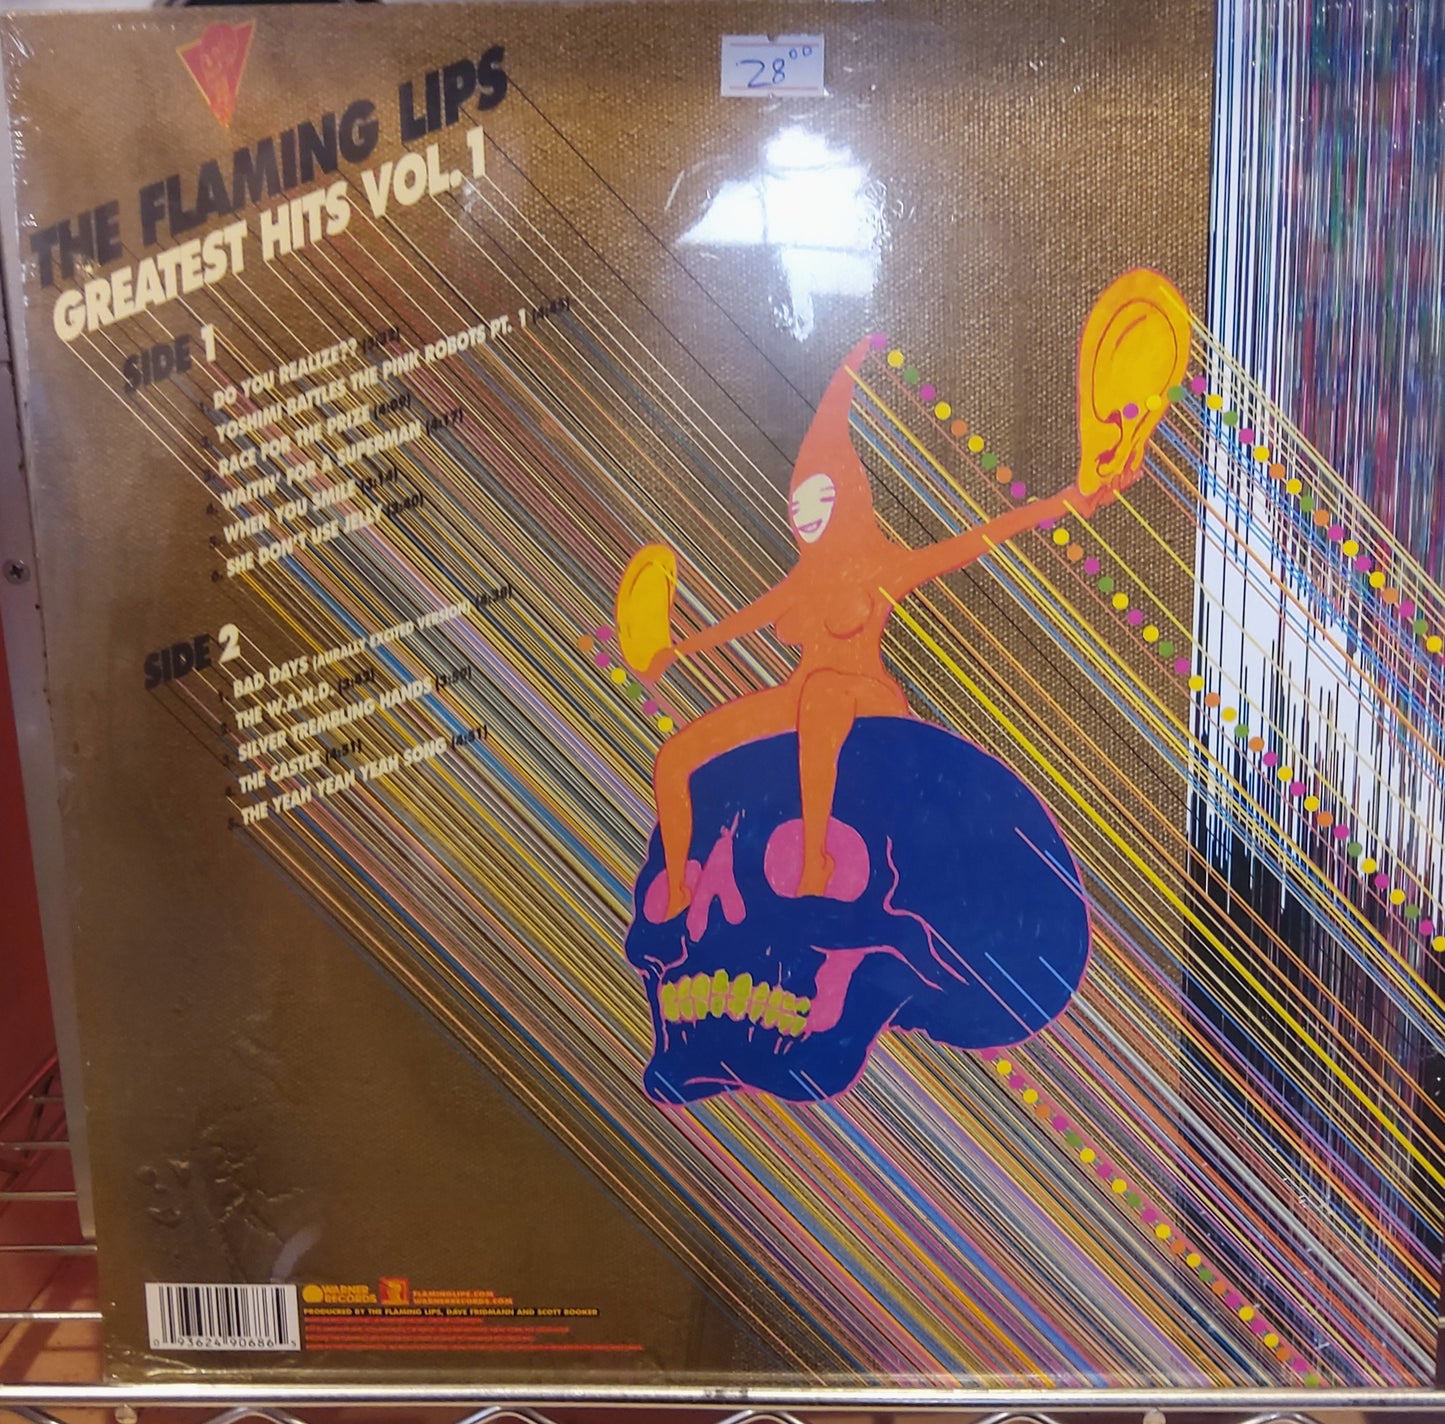 The Flaming Lips, Greatest Hits Vol. (Sealed, Vinyl)
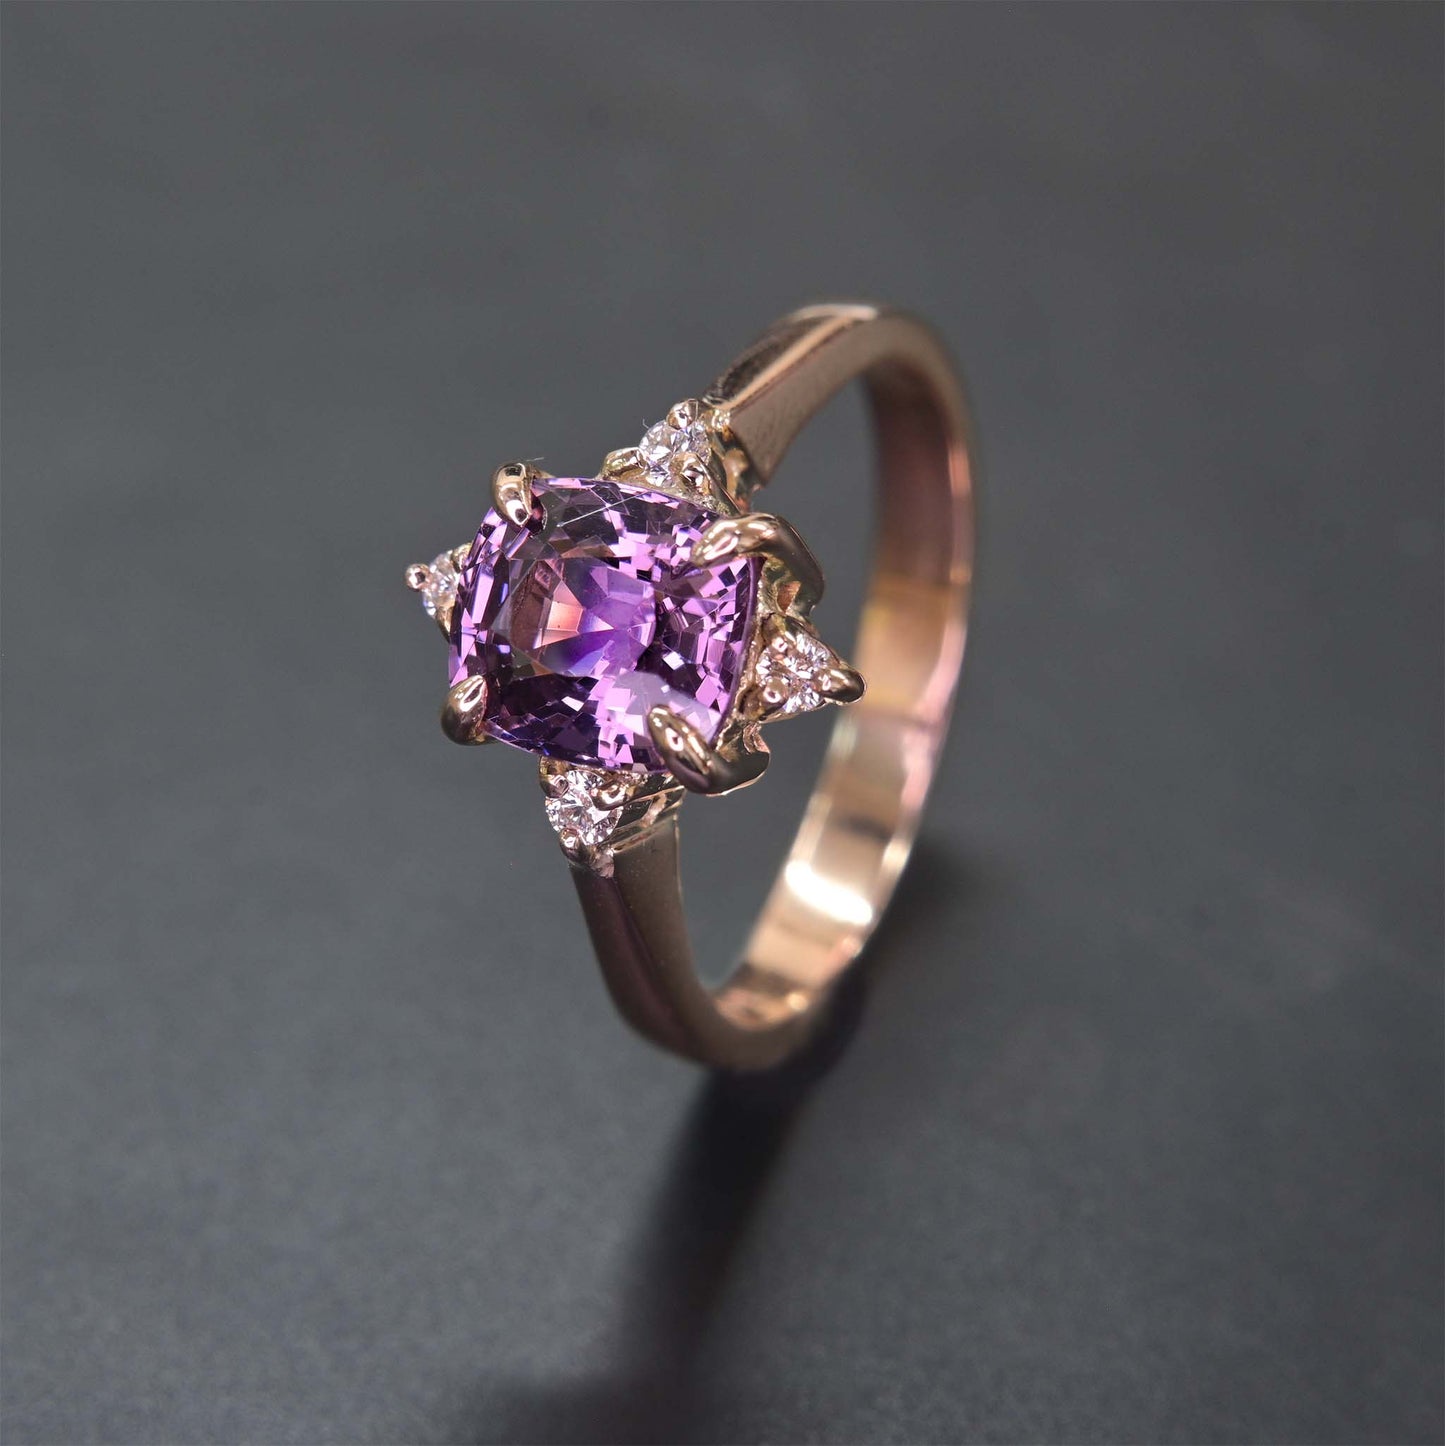 Beautiful pink spinel ring in 14k rose gold handmade in Chiang Mai, Thailand
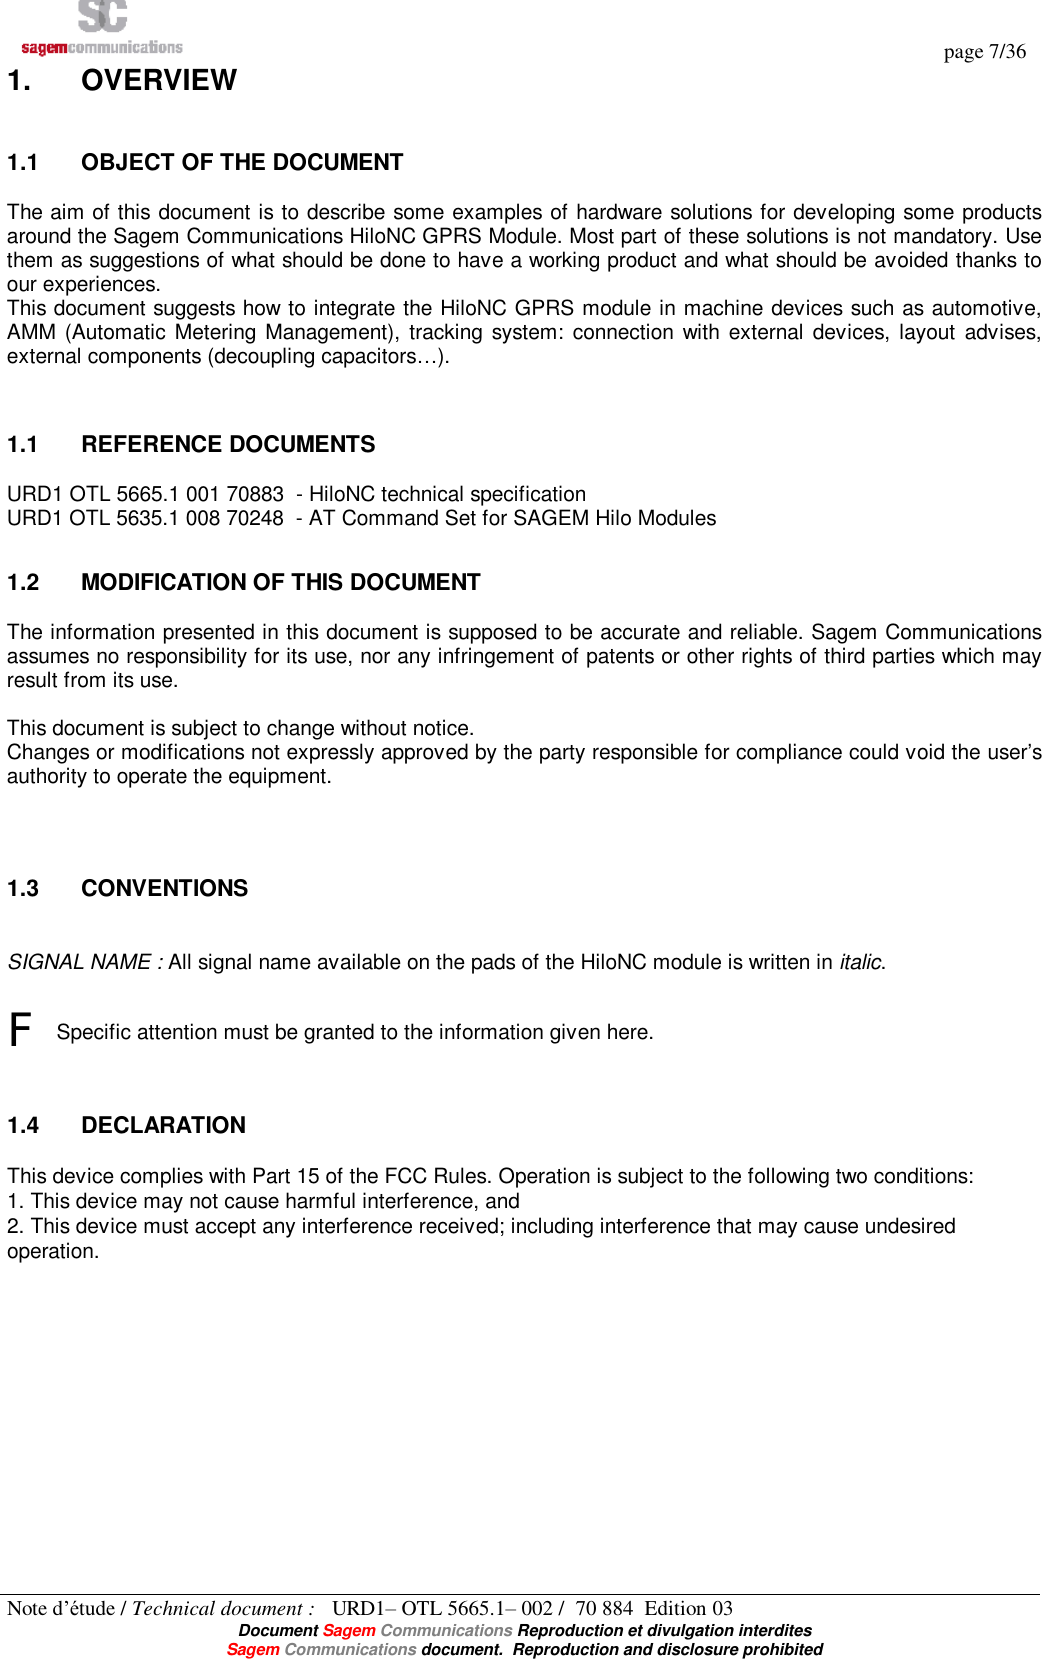   page 7/36 Note d’étude / Technical document :   URD1– OTL 5665.1– 002 /  70 884  Edition 03  Document Sagem Communications Reproduction et divulgation interdites Sagem Communications document.  Reproduction and disclosure prohibited 1.  OVERVIEW 1.1  OBJECT OF THE DOCUMENT The aim of this document is to describe some examples of hardware solutions for developing some products around the Sagem Communications HiloNC GPRS Module. Most part of these solutions is not mandatory. Use them as suggestions of what should be done to have a working product and what should be avoided thanks to our experiences. This document suggests how to integrate the HiloNC GPRS module in machine devices such as automotive, AMM (Automatic Metering Management), tracking system: connection with external devices, layout advises, external components (decoupling capacitors…).  1.1  REFERENCE DOCUMENTS URD1 OTL 5665.1 001 70883  - HiloNC technical specification URD1 OTL 5635.1 008 70248  - AT Command Set for SAGEM Hilo Modules 1.2  MODIFICATION OF THIS DOCUMENT The information presented in this document is supposed to be accurate and reliable. Sagem Communications assumes no responsibility for its use, nor any infringement of patents or other rights of third parties which may result from its use.  This document is subject to change without notice. Changes or modifications not expressly approved by the party responsible for compliance could void the user’s authority to operate the equipment.   1.3  CONVENTIONS  SIGNAL NAME : All signal name available on the pads of the HiloNC module is written in italic.  F Specific attention must be granted to the information given here.  1.4  DECLARATION This device complies with Part 15 of the FCC Rules. Operation is subject to the following two conditions:  1. This device may not cause harmful interference, and  2. This device must accept any interference received; including interference that may cause undesired operation. 
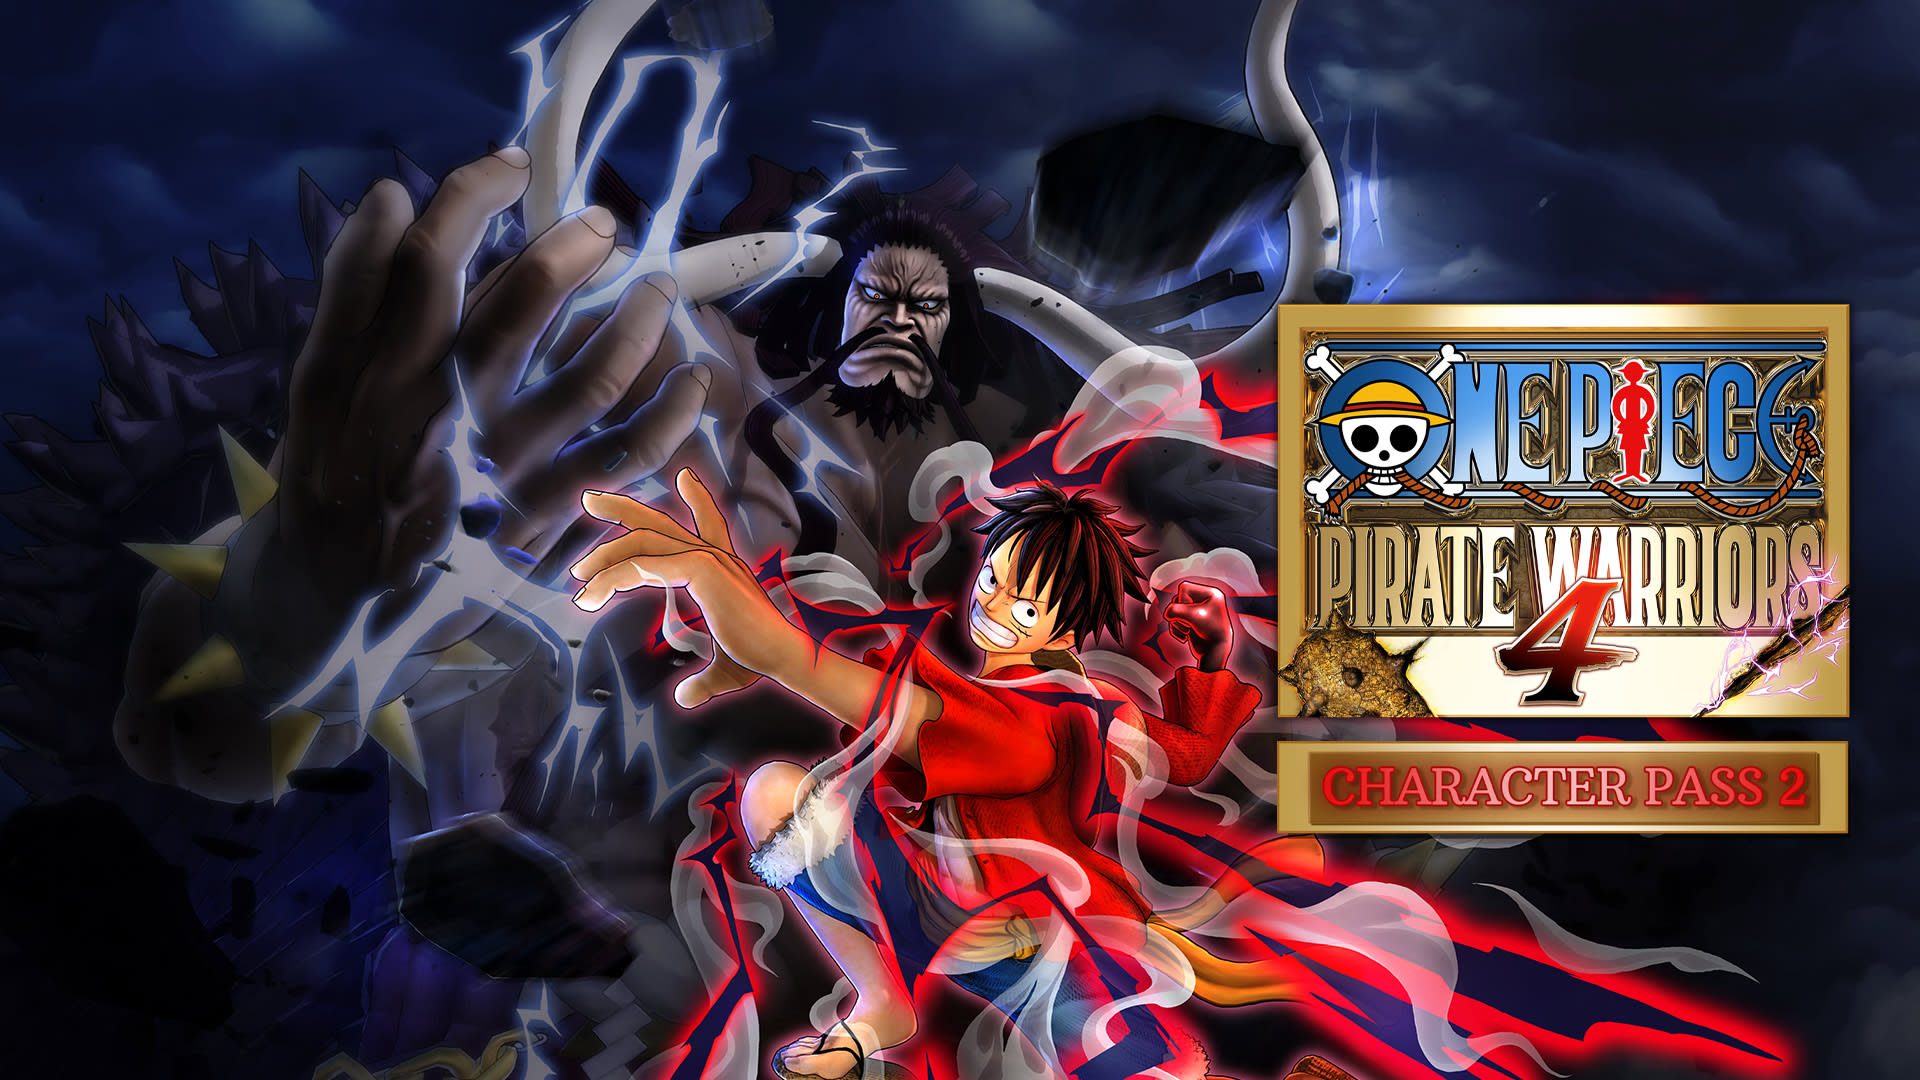 Character Pass 2 ONE PIECE: PIRATE WARRIORS 4
··········
Aim of the exercise:
Restate all the material verbatim; omit every picture.

Finished task:
 The Flaming Lips, Greatest Hits Vol. (Sealed, Vinyl)
 Beautiful pink spinel ring in 14k rose gold handmade in Chiang Mai, Thailand
   page 7/36 Note d’étude / Technical document :   URD1– OTL 5665.1– 002 /  70 884  Edition 03  Document Sagem Communications Reproduction et divulgation interdites Sagem Communications document.  Reproduction and disclosure prohibited 1.  OVERVIEW 1.1  OBJECT OF THE DOCUMENT The aim of this document is to describe some examples of hardware solutions for developing some products around the Sagem Communications HiloNC GPRS Module. Most part of these solutions is not mandatory. Use them as suggestions of what should be done to have a working product and what should be avoided thanks to our experiences. This document suggests how to integrate the HiloNC GPRS module in machine devices such as automotive, AMM (Automatic Metering Management), tracking system: connection with external devices, layout advises, external components (decoupling capacitors…).  1.1  REFERENCE DOCUMENTS URD1 OTL 5665.1 001 70883  - HiloNC technical specification URD1 OTL 5635.1 008 70248  - AT Command Set for SAGEM Hilo Modules 1.2  MODIFICATION OF THIS DOCUMENT The information presented in this document is supposed to be accurate and reliable. Sagem Communications assumes no responsibility for its use, nor any infringement of patents or other rights of third parties which may result from its use.  This document is subject to change without notice. Changes or modifications not expressly approved by the party responsible for compliance could void the user’s authority to operate the equipment.   1.3  CONVENTIONS  SIGNAL NAME : All signal name available on the pads of the HiloNC module is written in italic.  F Specific attention must be granted to the information given here.  1.4  DECLARATION This device complies with Part 15 of the FCC Rules. Operation is subject to the following two conditions:  1. This device may not cause harmful interference, and  2. This device must accept any interference received; including interference that may cause undesired operation. 
 Character Pass 2 ONE PIECE: PIRATE WARRIORS 4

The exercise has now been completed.